Иногда я приезжал туда со своими мальчишками, Святославу и Ярославу исполнилось по четыре года. Быков любил играть с ними в прятки, бегал наперегонки, дурачился.
Я снимался в трех картинах, когда Быков предложил почитать новый сценарий «Аты-баты, шли солдаты...», сказал: «Любая роль твоя». Читали мы обычно вместе с Аллочкой. Никогда не забуду, как в час ночи перевернули последнюю страницу. Оба были в восторге, меня так распирало, что бросился звонить Быкову. Телефона в нашей квартире не было, но соседка-старушка, обожавшая моего Корчагина, предложила: «Приходите звонить в любое время, я ложусь поздно».

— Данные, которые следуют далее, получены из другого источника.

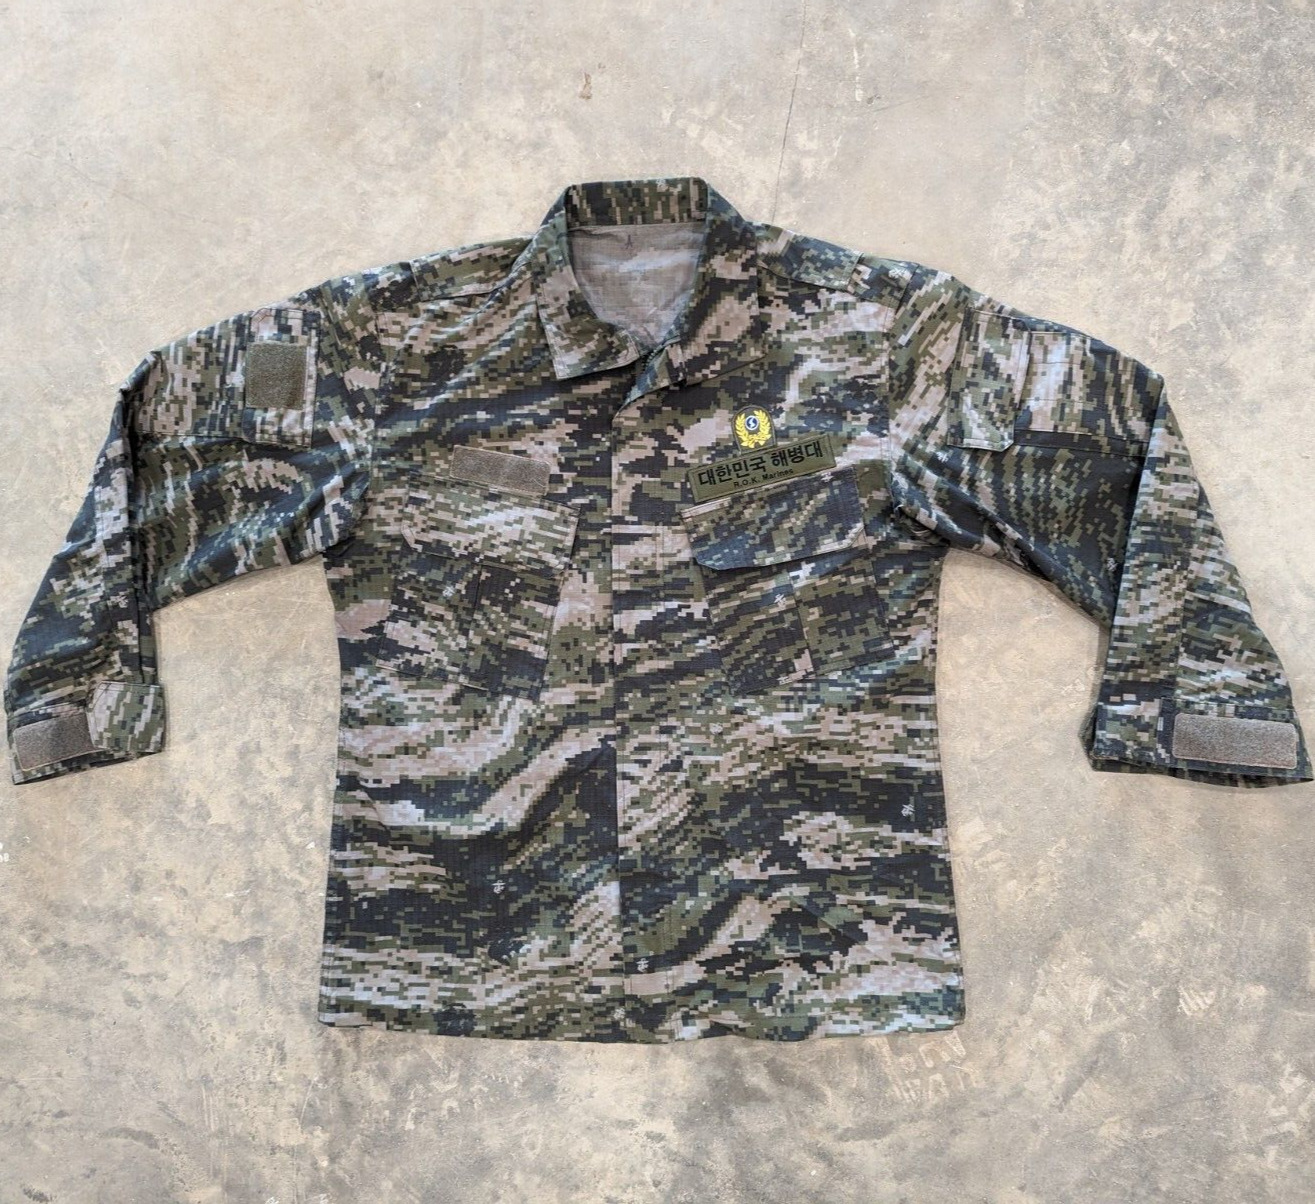 South Korea ROK Marine Corps Tiger Digital Camo Uniform Shirt Field

И вот поднял я Быкова с постели среди ночи:
— Леонид Федорович, Игорь Суслин — моя роль! Я сыграю парнишку, вчерашнего десятиклассника, и этим скажу спасибо своему отцу-фронтовику.
— Раз понравилось, жду завтра в одиннадцать на студии.
Пробы были формальными, меня утвердили сразу. А вот Святкина Быков обыскался. Через несколько дней нам выезжать на натуру, а исполнителя еще нет.
— Леонид Федорович, зачем вы мучаетесь? Святкина должны сыграть вы. Это всем очевидно.
— Да староват я как-то для него, — сомневается Быков, а самому роль явно нравится.
В итоге общими усилиями мы его уговорили.
Правда, писатель Борис Васильев был этим поворотом возмущен: в его сценарии Суслин и Святкин ровесники. Хотел снять свою фамилию с титров, еле упросили этого не делать.
Съемки начались с финального эпизода танковой атаки. Сегодня такие сцены можно роскошно сделать с помощью компьютерной графики, а тогда все происходило по-настоящему. Мало того, я работал без дублера. Фашистский танк давит моего героя, кружит, из-под гусениц вылетает пережеванное противотанковое ружье, полушубок, танк катится дальше.
Сцену снимали тремя камерами, поле горело и дымилось. Основная камера, за которой сидел Быков, находилась у меня за спиной.
В окопе, где стоял мой герой, вырыли дополнительную ямку, куда я должен был скрыться. Для каждого танка есть «мертвая зона», попадая в которую, водитель перестает видеть, что творится прямо перед машиной. Чтобы я понял, когда время проваливаться в ямку, техники поставили красные флажки: едва танк к ним приближался, надо было срочно ложиться.
«Мотор, камера!» Все пришло в движение. Я видел, как танк пересек линию с красными флажками, но пошевелиться не смог. Чувства страха не было, но и ступор у меня не проходил. Стою, смотрю на приближающийся танк, словно кролик на удава. И тогда Быков спас мне жизнь. Он первым сообразил, что со мной беда, и толкнул в спину мальчика — ассистента оператора, который сидел на трансфокаторе. Если бы тот обернулся к режиссеру, стал спрашивать, в чем дело, меня бы точно раздавило.